**DATA SHOWN**

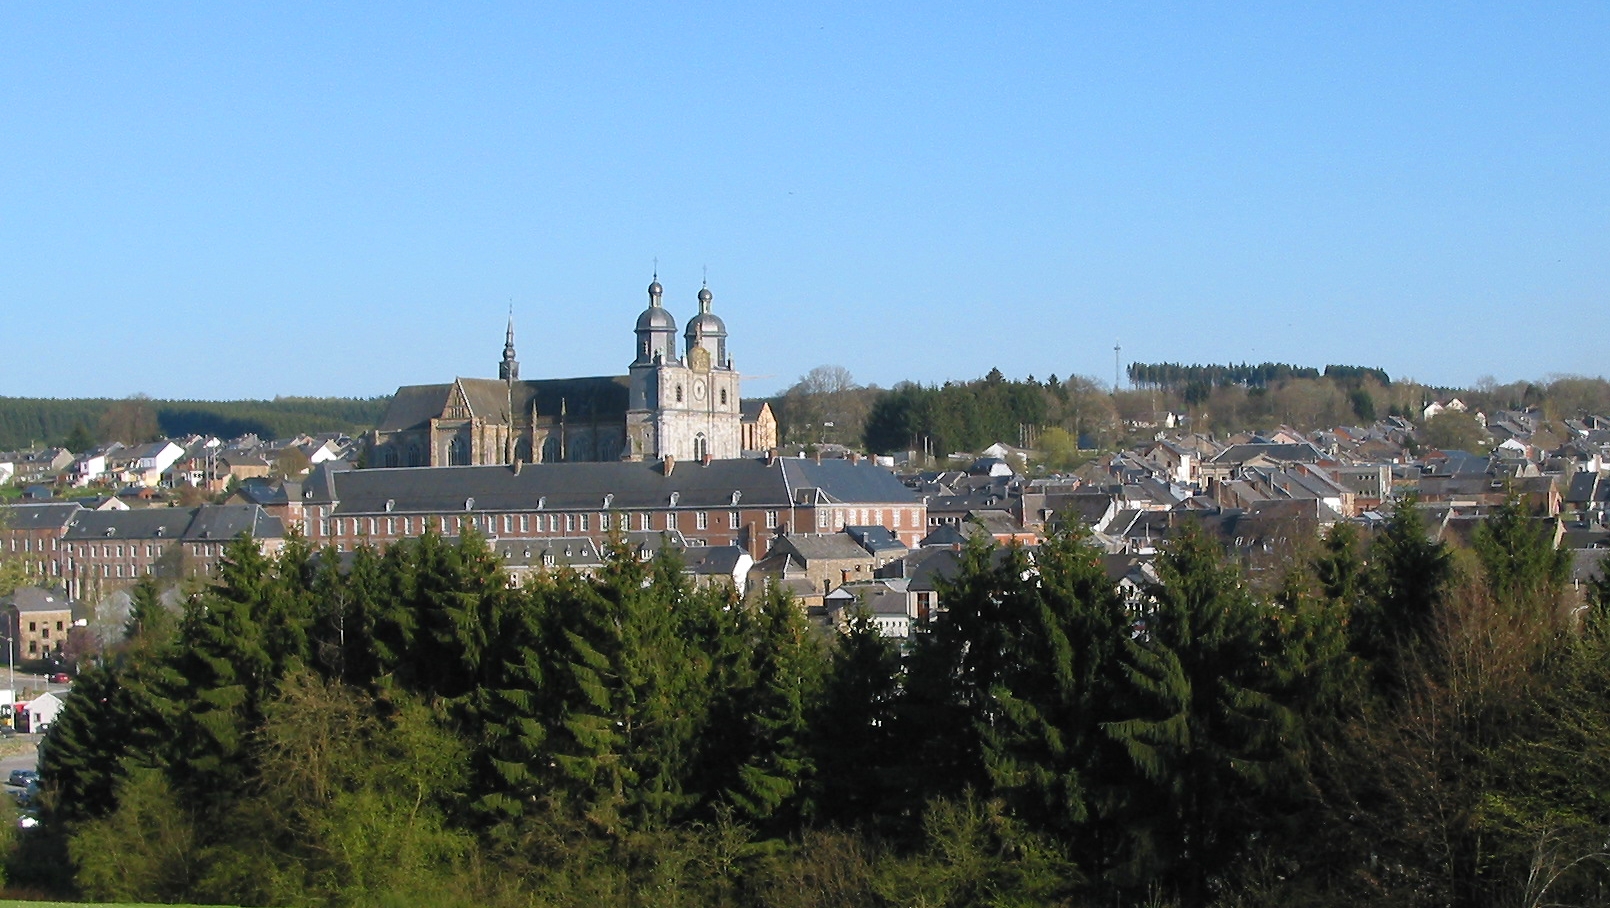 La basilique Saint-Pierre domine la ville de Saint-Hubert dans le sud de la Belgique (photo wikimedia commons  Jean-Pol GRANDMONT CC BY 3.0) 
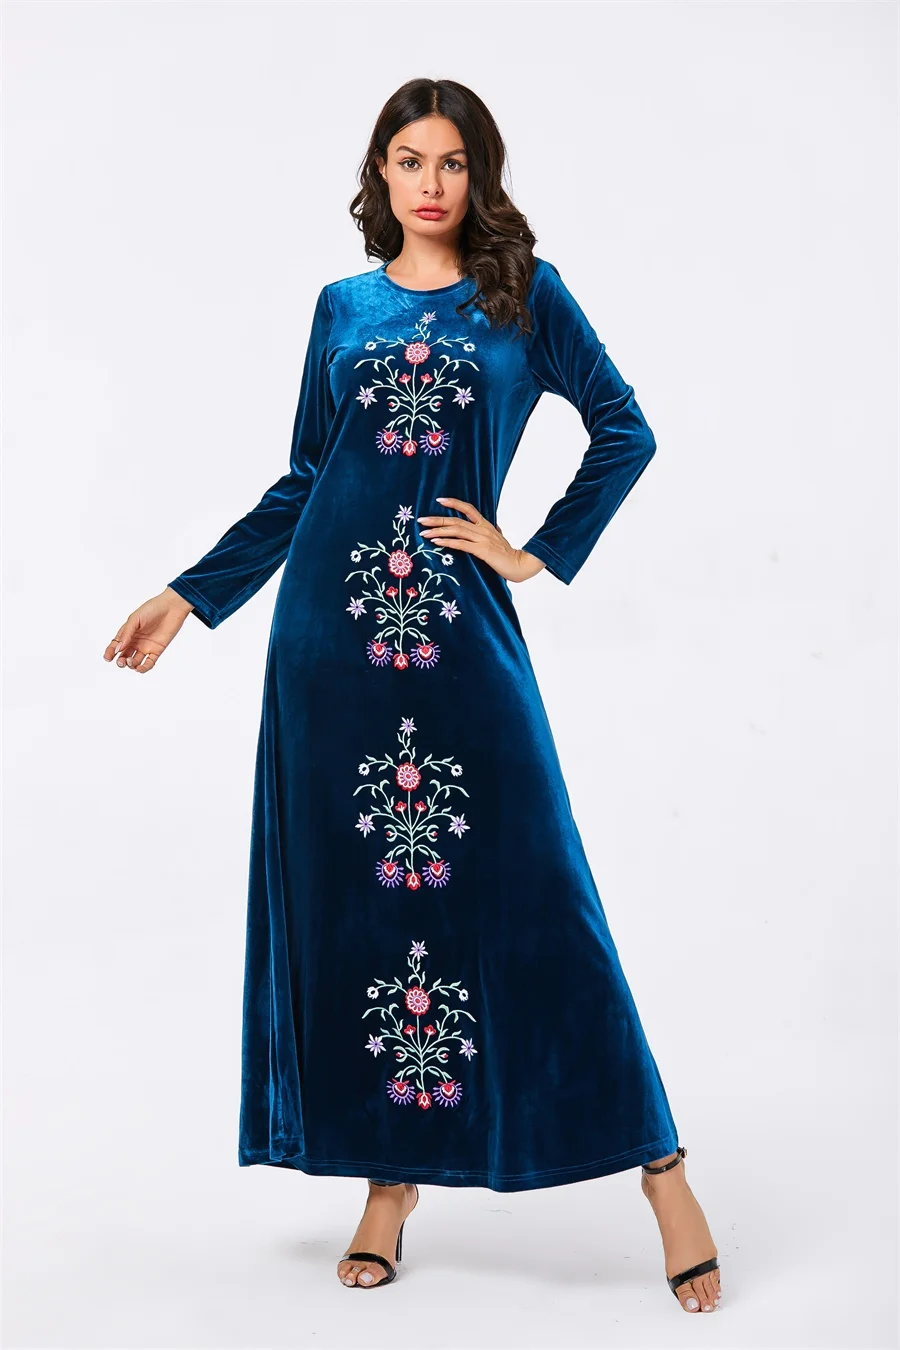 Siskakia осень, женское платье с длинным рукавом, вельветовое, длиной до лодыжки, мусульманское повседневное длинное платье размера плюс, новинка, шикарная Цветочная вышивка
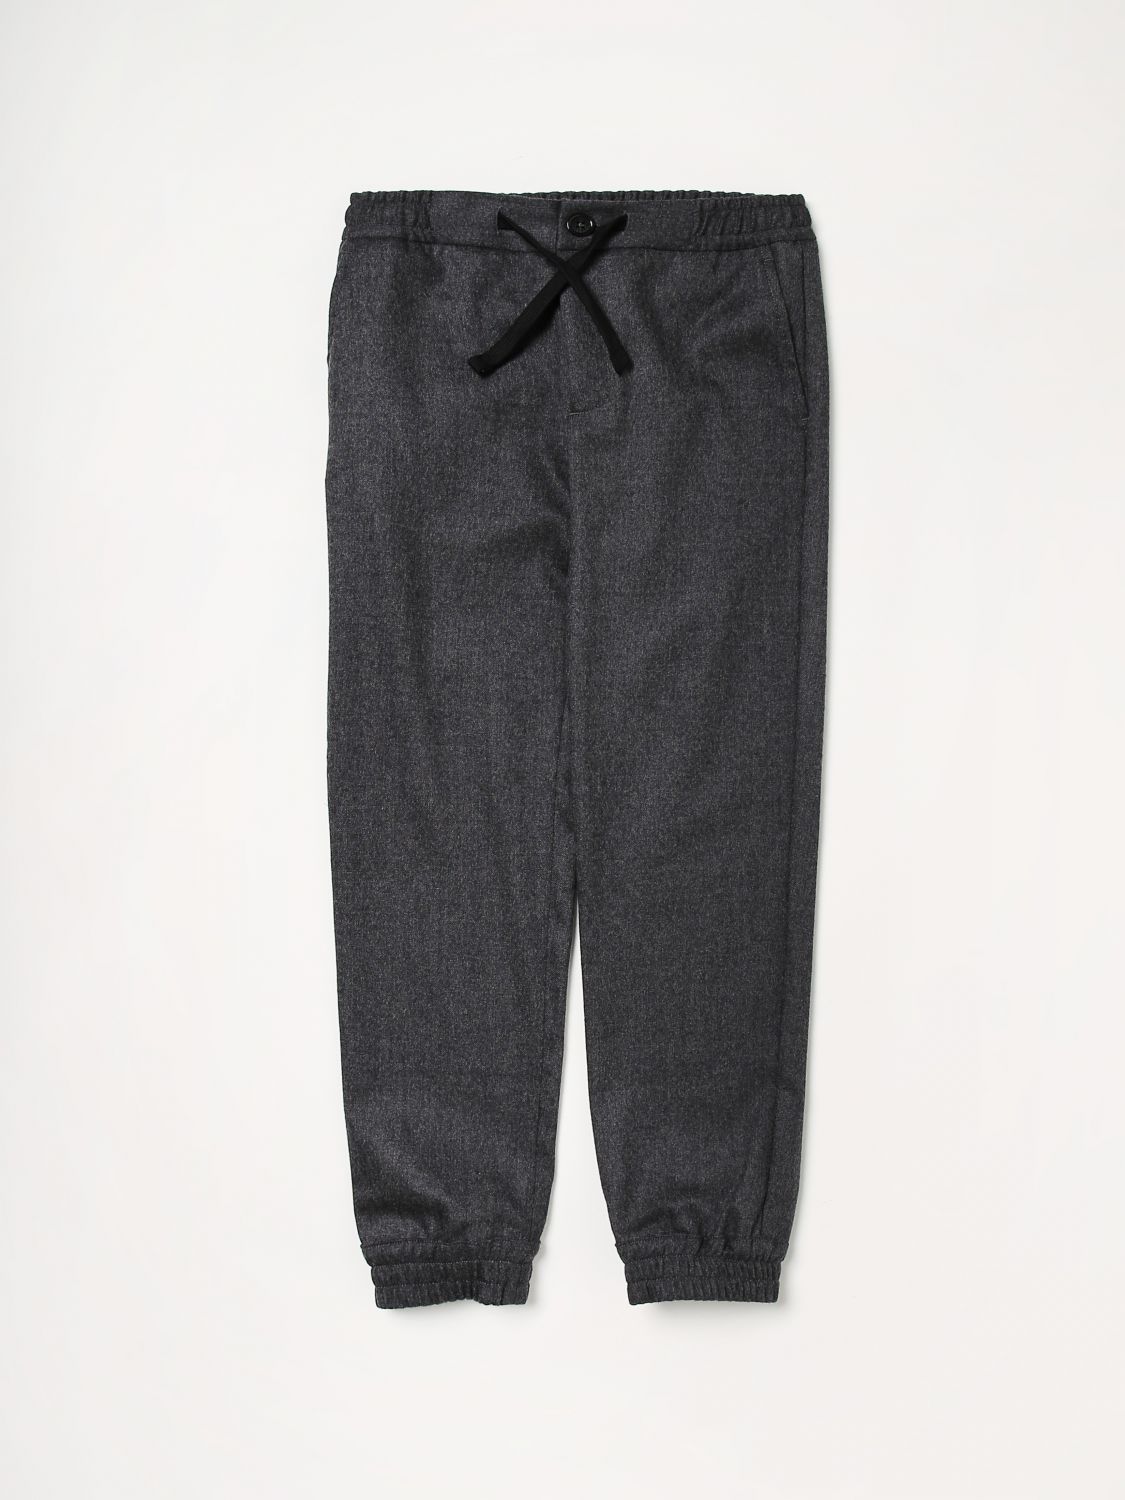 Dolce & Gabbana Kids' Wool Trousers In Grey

**TASK OBJECTIVE**
Where a picture appears, omit it, and otherwise retype the material exactly.

**YOUR RESPONSE**
 La basilique Saint-Pierre domine la ville de Saint-Hubert dans le sud de la Belgique (photo wikimedia commons  Jean-Pol GRANDMONT CC BY 3.0) 
 Siskakia осень, женское платье с длинным рукавом, вельветовое, длиной до лодыжки, мусульманское повседневное длинное платье размера плюс, новинка, шикарная Цветочная вышивка
 Dolce & Gabbana Kids' Wool Trousers In Grey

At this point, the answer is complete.